- _What you are asked to do_:
Word for word, restate the data that follows, omitting the images.

- _Dataset extract_:
»»

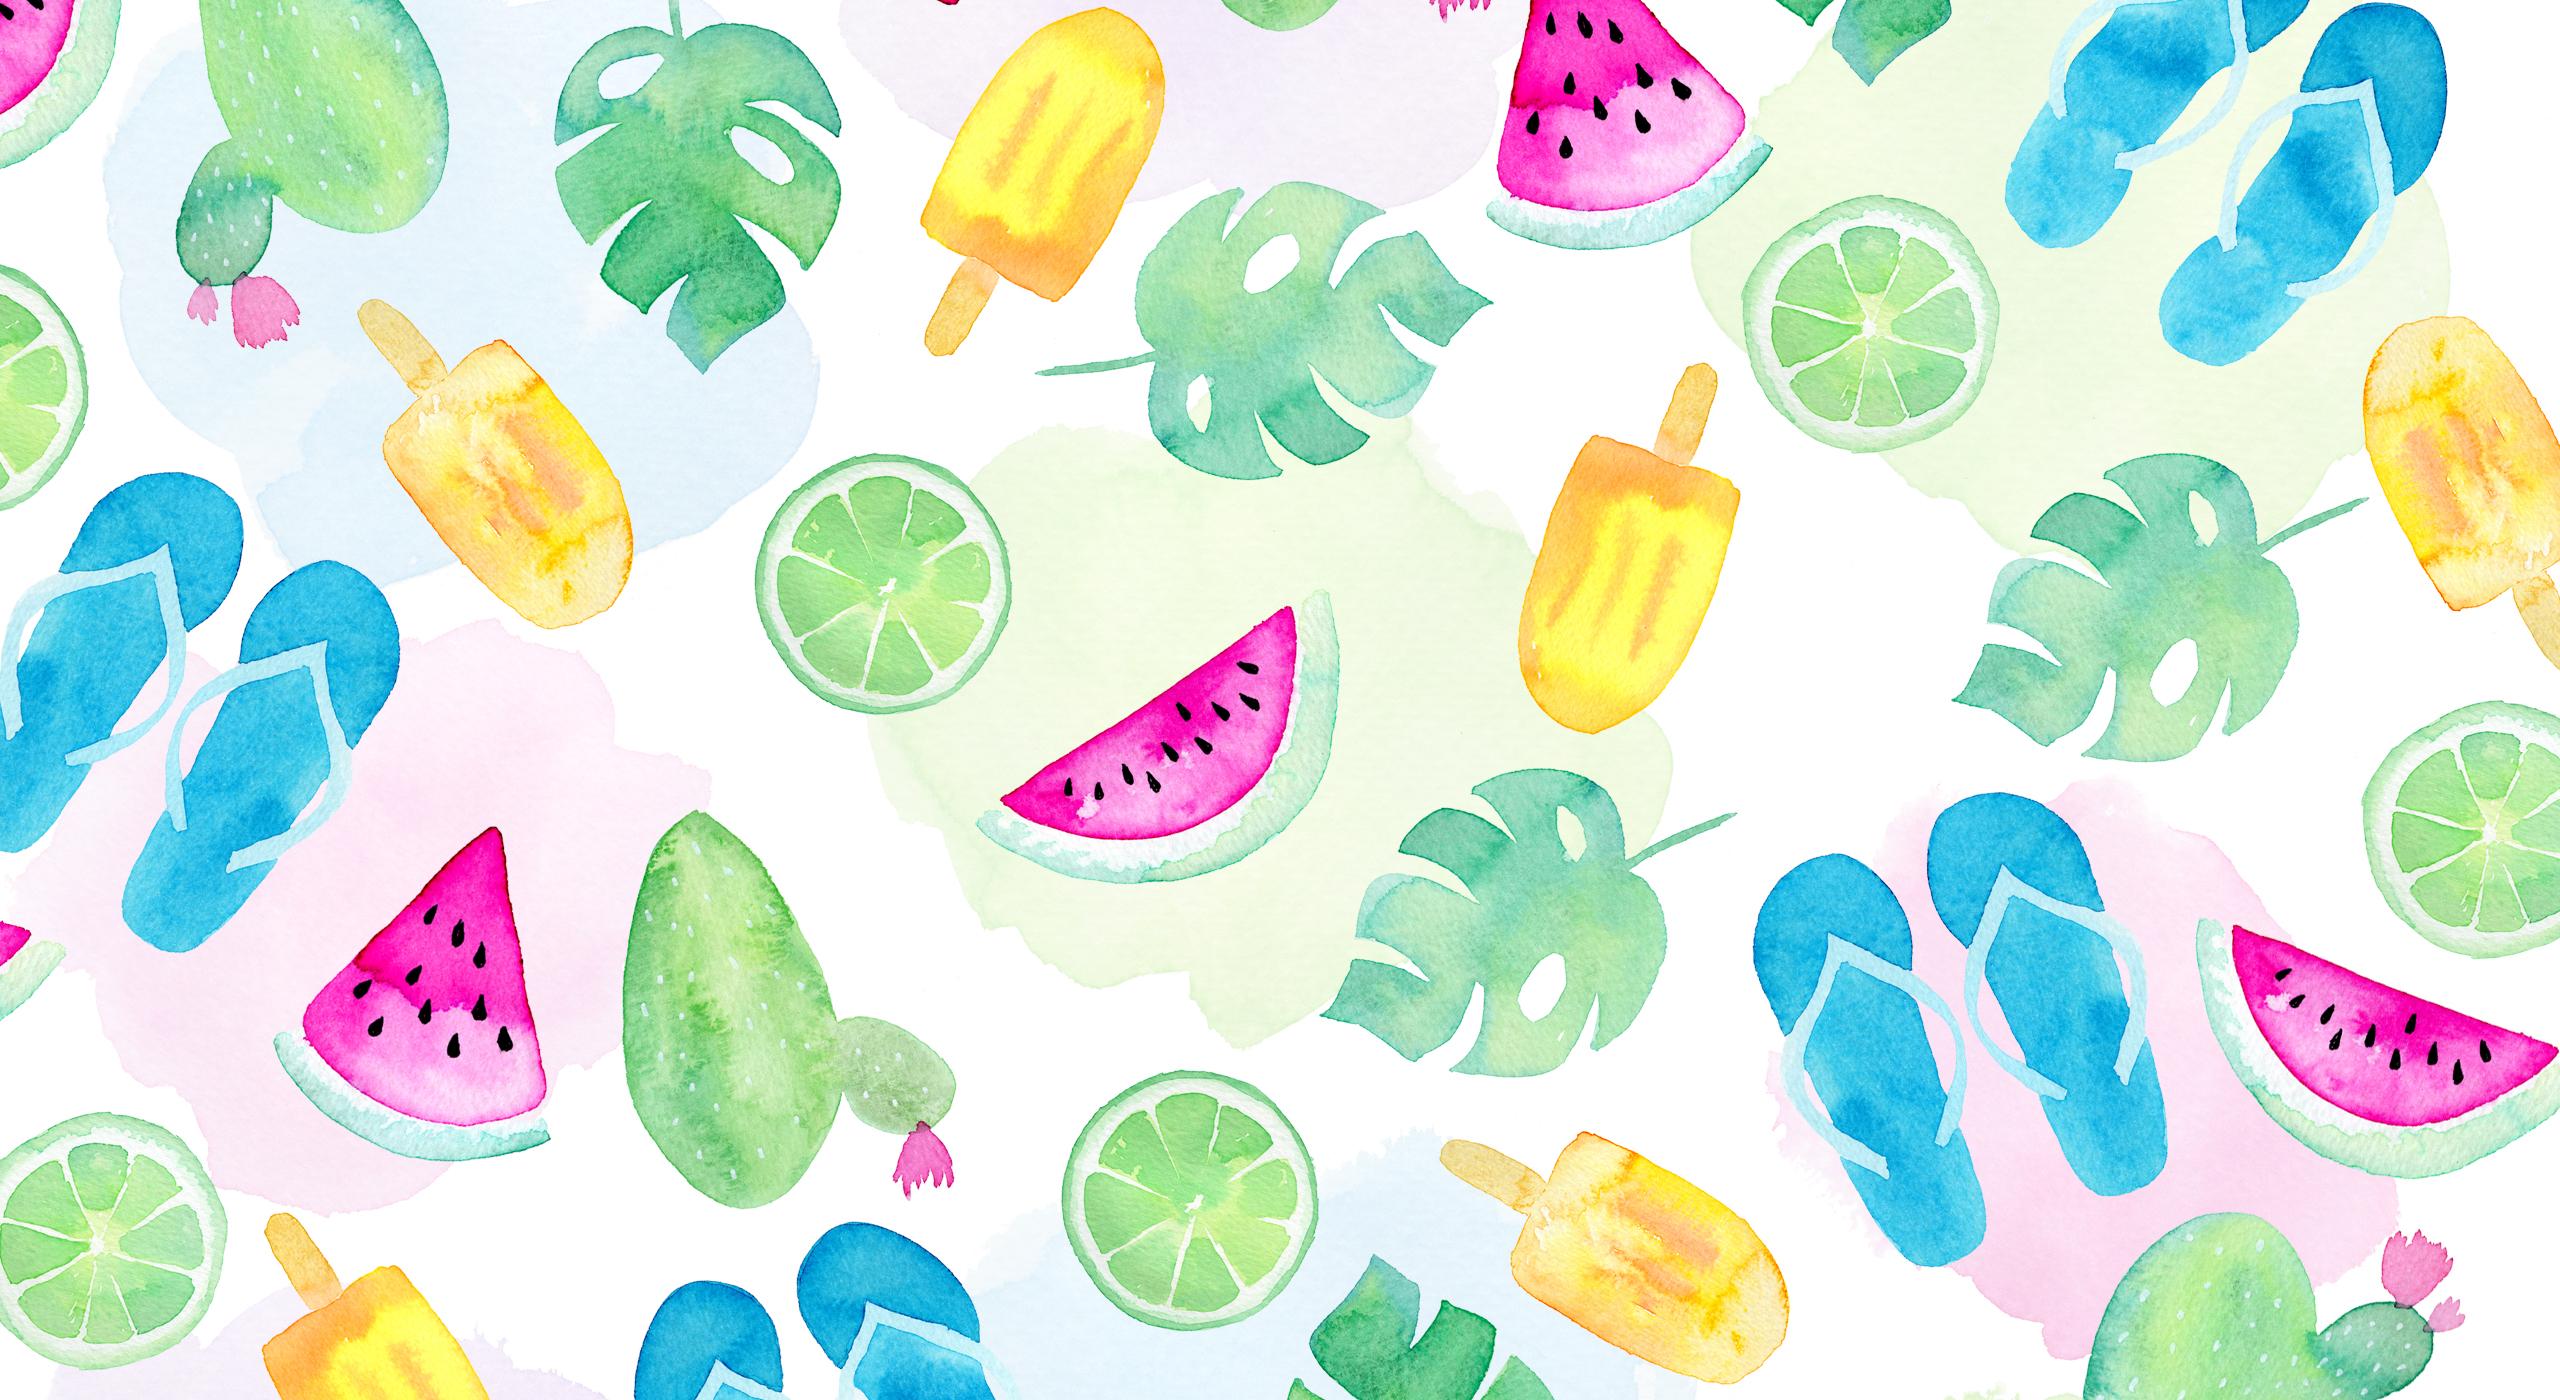 Summer Vibes Wallpaper: Damit die Sommer-Stimmung noch ganz lange bleibt
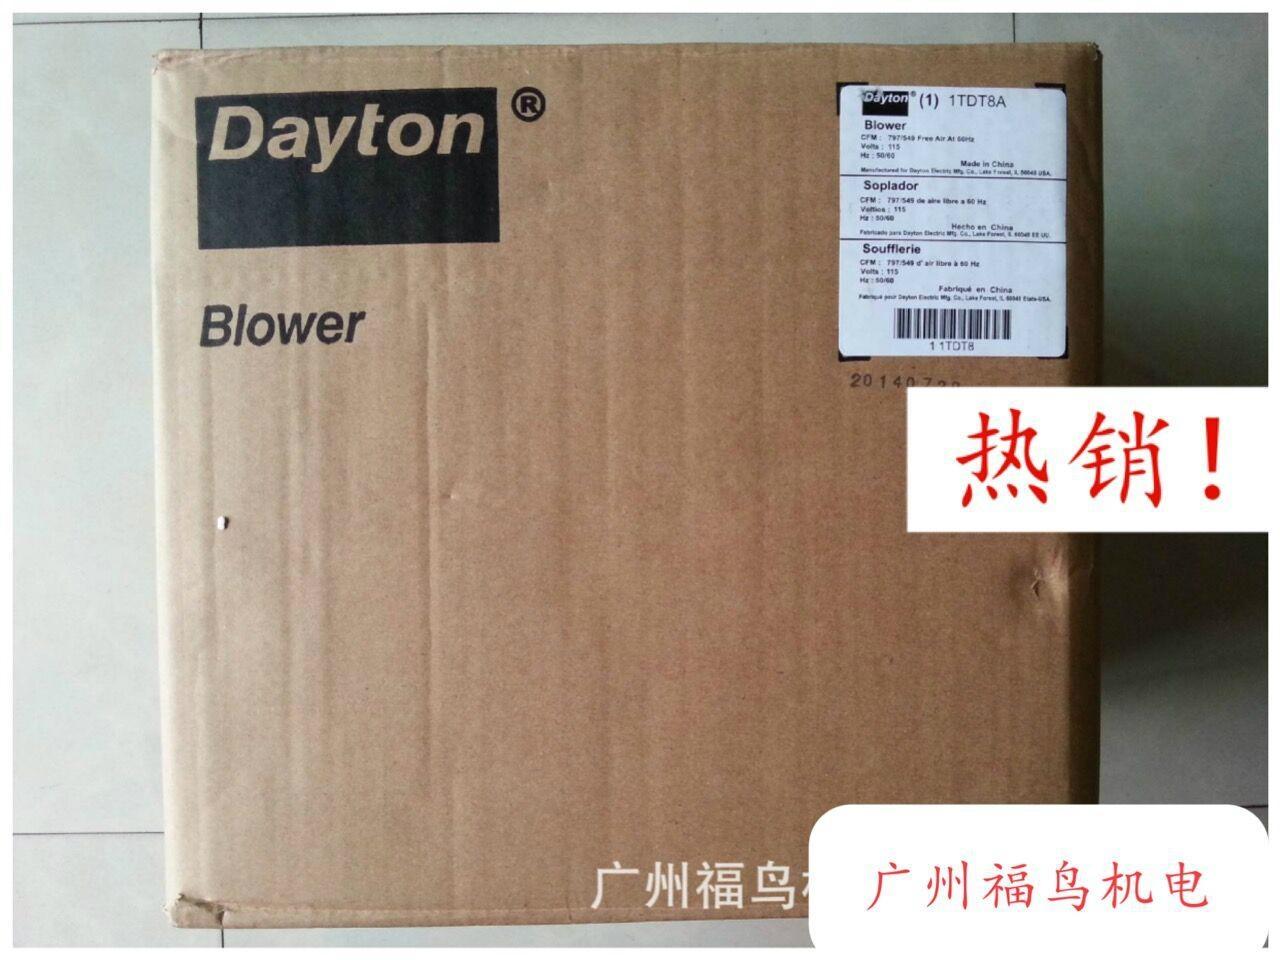 DAYTON風機  型號: 1TDT8, 1TDT8A.
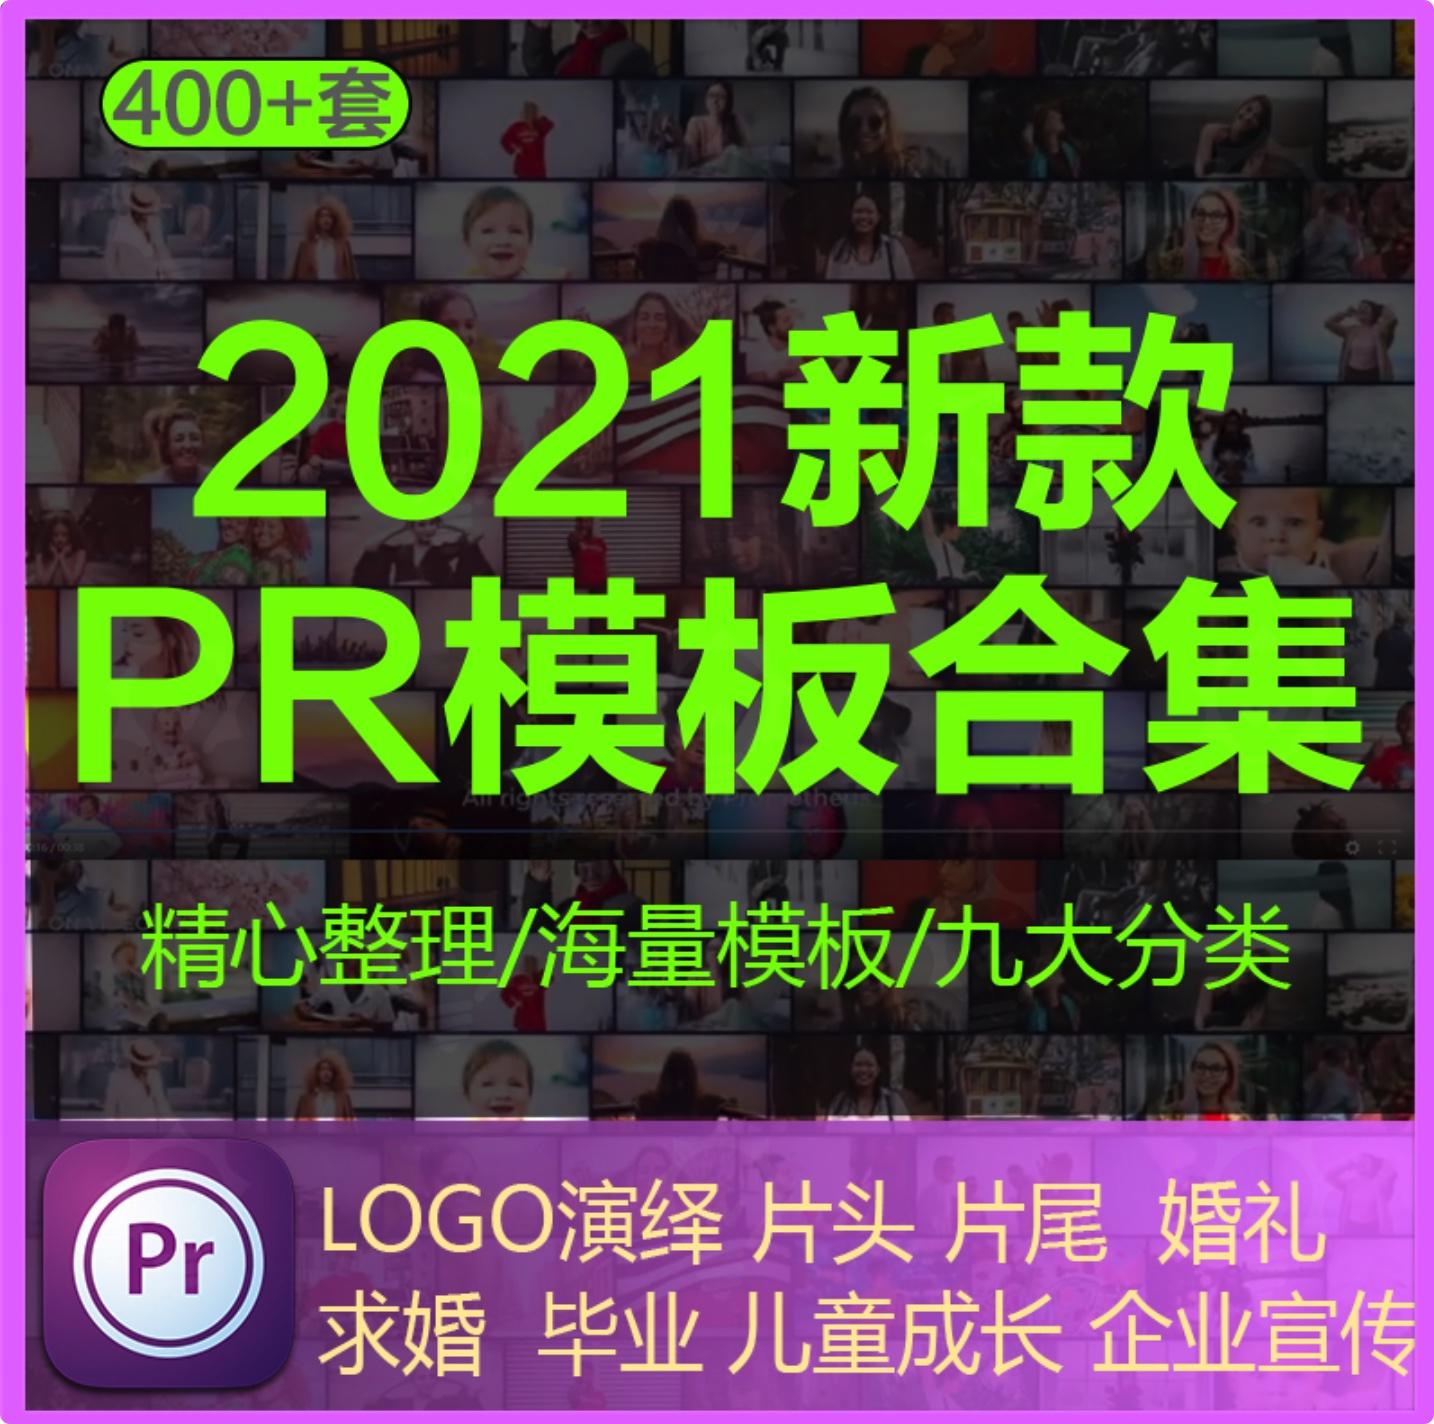 如何秒出酷炫大片?2021全新高级PR模板大合集下载

««

- _Finished exercise_:
 Summer Vibes Wallpaper: Damit die Sommer-Stimmung noch ganz lange bleibt
 DAYTON風機  型號: 1TDT8, 1TDT8A.
 如何秒出酷炫大片?2021全新高级PR模板大合集下载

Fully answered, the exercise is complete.